Он выбросил кости и передвинул шашку.

–  Помните, – проговорил   мрачно  Сахиб  Джелял,  подбросив на ладони кости, – садовник, посадивший терновник,– не соберет винограда.

Лицо Алимхана исказилось. Все признаки говорили, что еще немного, и эмиром завладеет приступ гнева.

Но Сахибу Джелялу не оставалось другого выхода. Высокое дерево буря сильнее раскачивает. Шаш-беш! Или – или! Кости лягут счастливо, и он выиграет, или... просчет. В игре ставка – голова в хурджуне с кровью. Сахиб предпочел бы партию в шахматы, но эмир ленив мыслью. Он отдает предпочтение игре в нарды, здесь больше случайностей судьбы.

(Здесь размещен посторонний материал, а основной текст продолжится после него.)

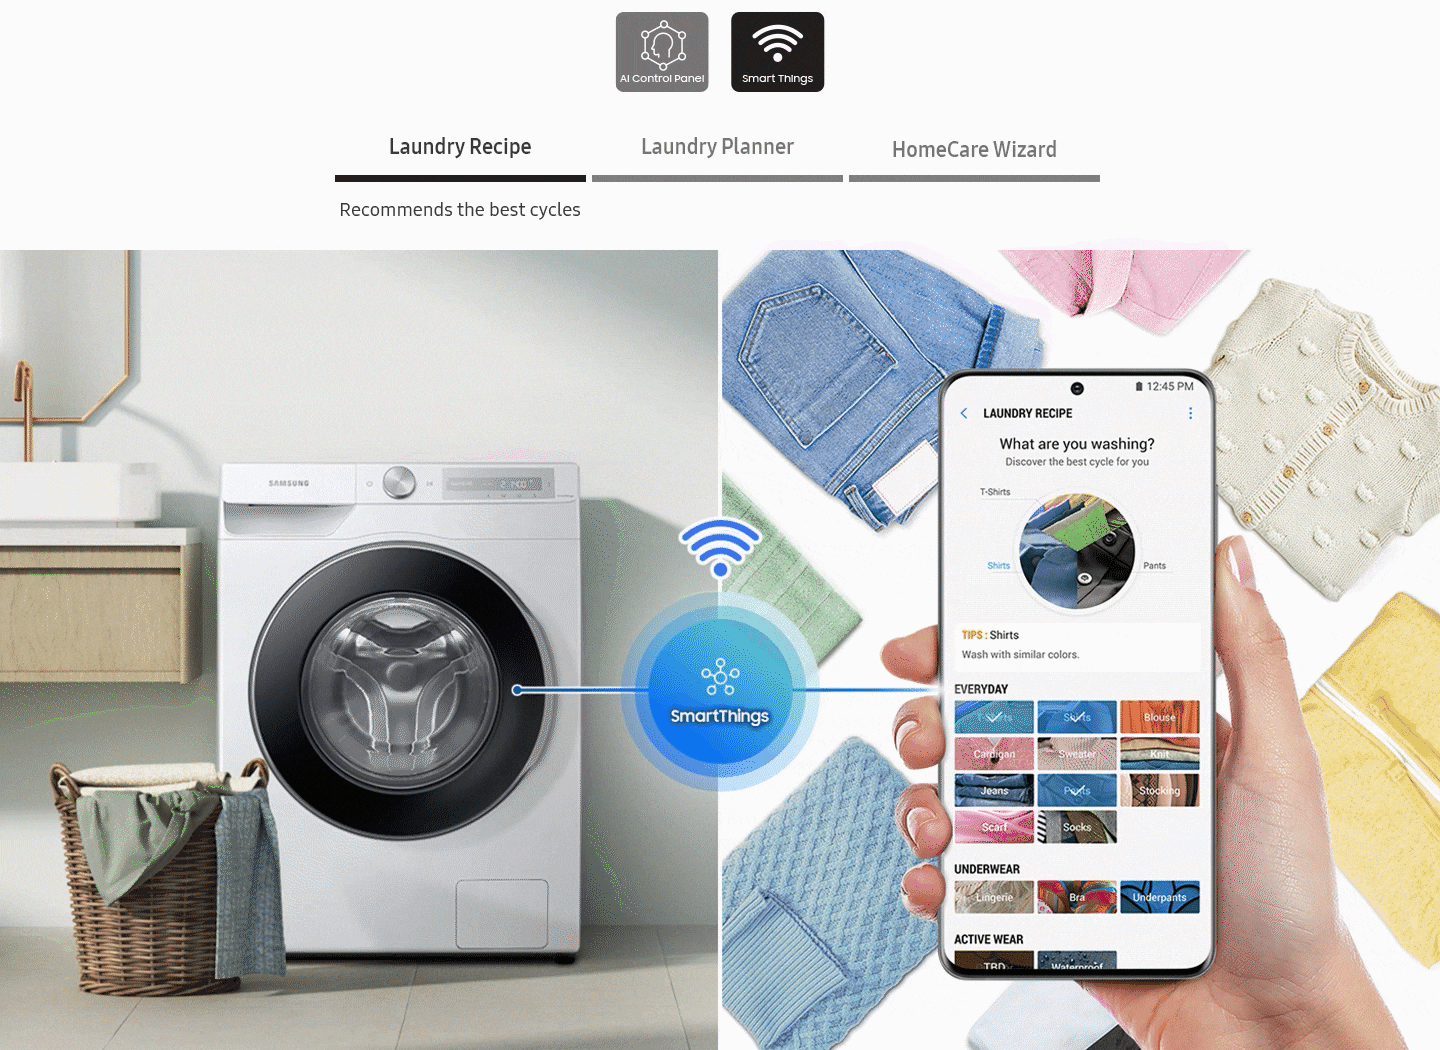 The personally-tailored wash cycle is controlled via the SmartThings app. Laundry recipe, Laundry planner, HomeCare Wizard.

А ну, что покажут игральные кости. Ведь в игре «шаш-беш» остаются лазейки для острого ума, чего не хватало затуманенному злобой мозгу Сеида Алимхана. Кровь прилила к голове и мешала ему соображать, перед глазами встала пелена, стучало в висках, что-то душило. Смутно метались обрывки мыслей: «А он неспроста... Сахиб Джелял! Он не посмел бы так просто... За ним сила... Он – сама хитрость».

И, как часто случалось, эмир Сеид Алимхан, не сумев разобраться в чужой хит-рости, перехитрил себя. Смелую неосторожную речь Сахиба он посчитал хитроумным приемом. Злость сразу же остыла. Довольно вяло он пробормотал:

– Смелые слова... Не сносить бы головы... кому-то...  Раньше...

Шаш-беш! В такой партии ставка – голова. Но нельзя поворачивать с полпути. Лишь смелость и прямота могли поразить воображение эмира. Это понимал Сахиб Джелял. И он, уж теперь не церемонясь, издевался над собеседником. Шаш-беш! Болезненно громко отдавался в мозгу стук игральных костей о доски нардов. Проигрыш – никуда не денешься. Всё в крови. Лапы муллы Ибадуллы потянулись к его голове. Шаш-беш! Выигрыш! Кто – кого!

–  И вы хотите прельстить воображение своих мусульман? – усмехнулся Сахиб.– Чем? Несчастьями последних лет царствования: упадком торговли, высохшими арыками, болотами, камышовыми зарослями с  кабанами.  Рабочего скота  в эмирате оставалась десятая часть. Люди забыли вкус баранины, ходили в лохмотьях. Такой была Бухара при вас. Ваше воззвание – барабан. Грохот, а внутри пусто. Попугать захотели: «...Советы наступили на честь женщины... превратили мусульманок в проституток, заразили всех женщин и мужчин сифилисом...  В результате мусульмане вымирают, теряют человеческий облик...» И лягушка квакает вразумительно, а вы пишете такое.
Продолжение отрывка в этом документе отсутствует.